While certain other companies (ahem, General Motors, ahem) are busy and inexplicably running away from Apple CarPlay, brands like Porsche are making a concerted effort to further integrate the tool into their vehicles.


It makes sense, since CarPlay – and Android Auto – are not new software but instead extensions of tools with which most of the public is intimately familiar since many tend to shove their faces into their phones 200 times per day. At present, many permutations of these systems force users to pop back out of the device interface and back into the vehicle’s native display just to complete a task like adjusting ventilation settings on-screen.


The fact one could have done the same in a fraction of a second with HVAC physical dials and knobs is a conversation for another post. We digress.

Porsche feels it can do better than the current digital status quo. The updated My Porsche App combines vehicle functions with the CarPlay experience, including the ability to show images of the specific model – which is apparently very important to Porsche owners, don’tcha know. Some core vehicle functions may be adjusted in this manner, including audio settings like sound profiles, changing radio stations, adjusting settings for climate control, and fiddling with the all-important ambient lighting. Note the time stamp on these images from Porsche is 9:11. Well played.

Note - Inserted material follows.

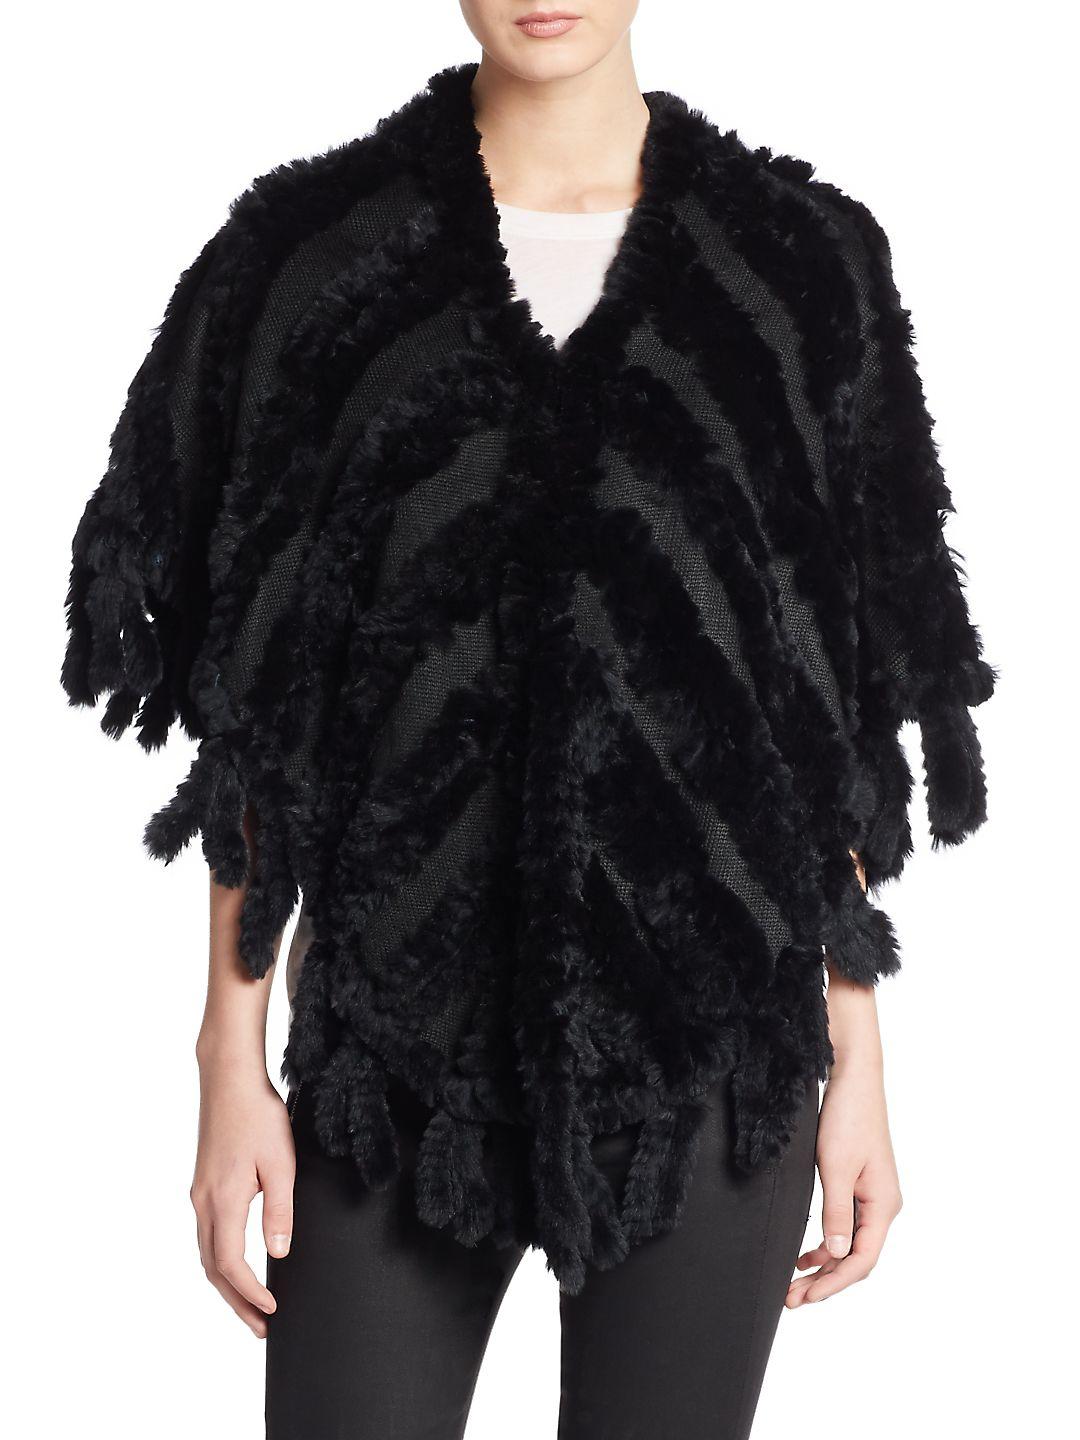 Saks Fifth Avenue Rabbit Fur Shawl in Black - Lyst

Cynics will opine this is some sort of path to data gathering, and they may have a point. In order to set up the system, one may scan a QR code on the car’s touchscreen so the CarPlay experience can be properly upgraded from its current limitations. Still, this author thinks it is a better plan than the road GM is taking, binning these tools for one of their own design. As an aside, reports are surfacing that dealers are vacillating between alarmed and unimpressed about The General’s efforts so far, saying they don’t know the new system’s name and benefits have yet to be outlined.


[Images: Porsche]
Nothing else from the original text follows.